Amid growing signs of trouble in the U.S. economy, Democratic presidential candidate Hillary Rodham Clinton will propose a $70-billion package today to stimulate the economy and will urge Congress to stand ready to offer a $40-billion rebate to taxpayers if the slump continues.
The New York senator's economic package, to be announced in a speech in Los Angeles, includes temporary measures to quickly inject money into the economy and help middle-class families, including housing aid, to stem foreclosures; energy assistance; and liberalized unemployment insurance.
The initiative, larger than an economic stimulus proposed last month by former Sen. John Edwards of North Carolina, one of her rivals for the nomination, comes as Clinton is trying to build on her victory in the New Hampshire primary. The package dovetails with her efforts to appeal to middle- and lower-income workers, an important part of the coalition that has backed her in early voting.
"I believe we have a lot of families who are really hurting," Clinton said Thursday in a telephone interview. "I think we're sliding toward a recession."
Bipartisan concern about a possible recession, the housing slump and rising energy prices has been growing. Federal Reserve Chairman Ben Bernanke said Thursday that the central bank may be ready to make "substantive" interest rate cuts to avoid recession. And the White House also is considering an economic stimulus plan.
The economy -- an issue that had been eclipsed on the campaign trail by the Iraq war -- is a matter of increasing attention for the candidates. Stumping in economically battered Michigan, which holds its primary Tuesday, Republican contenders have been talking more about the issue but not called for a stimulus.
Among Democrats, Edwards has proposed a $25-billion jobs plan and urged Congress to be ready to pass $75 billion more upon evidence ofa recession.
Like Edwards' plan, Clinton's approach differs from the last time Congress -- then controlled by Republicans -- enacted an economic stimulus plan. That 2003 law provided aid to states and tax breaks for businesses and individuals.
Clinton's plan packages new proposals with ideas she has championed in the past. A memo describing the plan says it meets her three principles for economic stimulus: fast-starting, temporary and progressive. The plan is designed to be immediate and to last only through 2008.
Key elements include a $30-billion fund to help states and cities stem foreclosures in the subprime mortgage crisis, and a 90-day moratorium on subprime foreclosures.
She will also propose $25 billion in emergency home-heating assistance and $10 billion to expand unemployment insurance.

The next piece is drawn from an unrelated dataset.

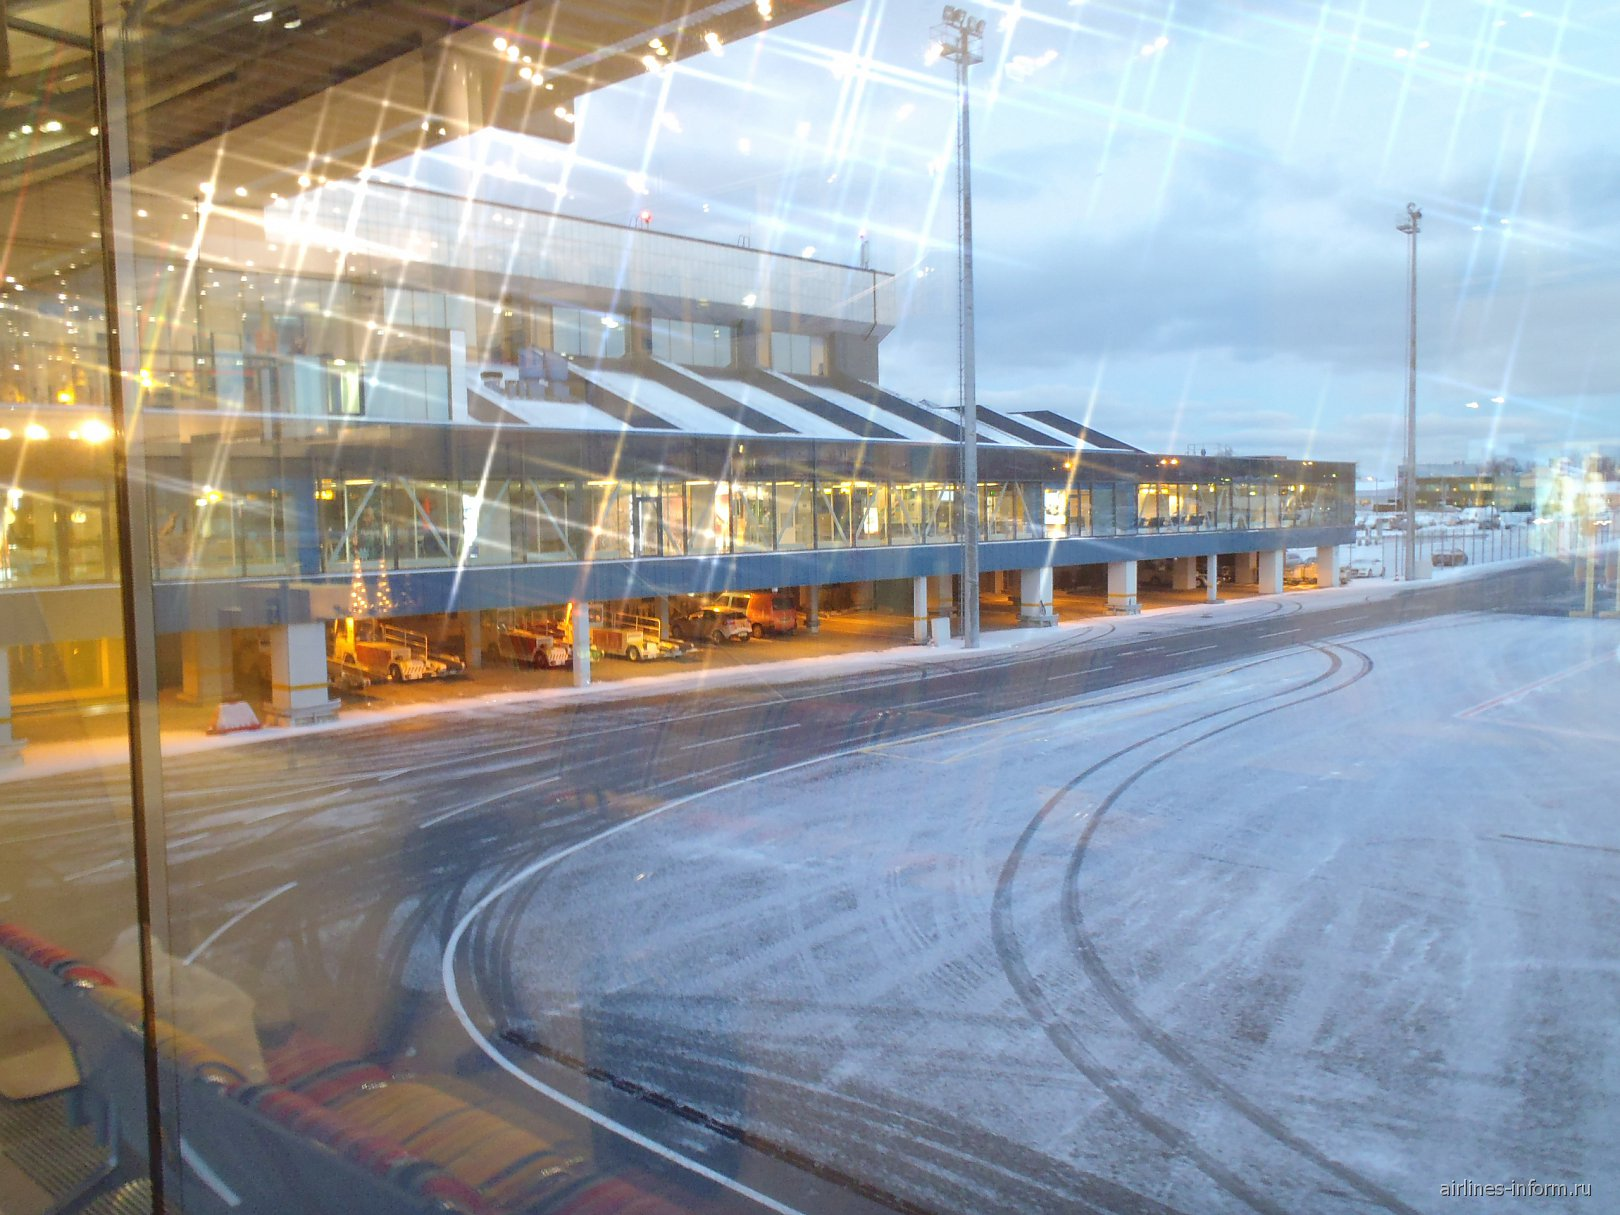 Пассажирский терминал аэропорта Таллин

If economic conditions worsen, Clinton plans to say, Congress should provide $40 billion in direct tax rebates to middle-class families.
Clinton began talking about the possible need to stimulate the economy last month in a speech on Wall Street. But Gene Sperling, one of her senior economic advisors, said Clinton moved cautiously before drawing up a plan because of concerns about adding to the federal deficit with a cash infusion to the economy.

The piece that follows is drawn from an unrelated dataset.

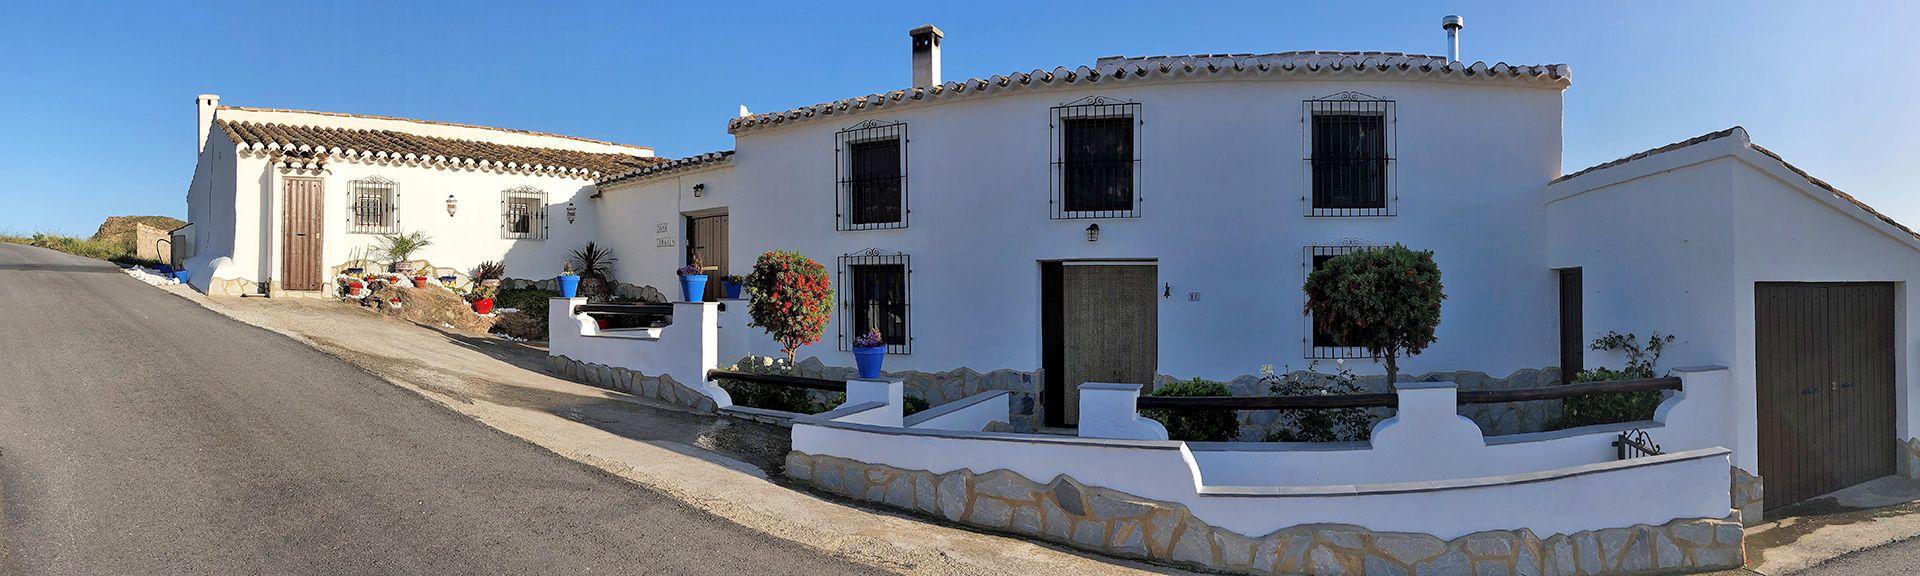 Casa Limaria - Street view

Most of her campaign promises have included plans to offset new spending, but her stimulus plan does not.
Sperling said Clinton's decision to offer a plan now came after recent reports of continuing contraction in the manufacturing sector and last week's Labor Department report that the unemployment rate had jumped to a two-year high of 5%.
Some economists are skeptical that anything other than Fed interest-rate cuts can effectively avert a recession. They say Congress often does not manage to pass stimulus measures until it is too late.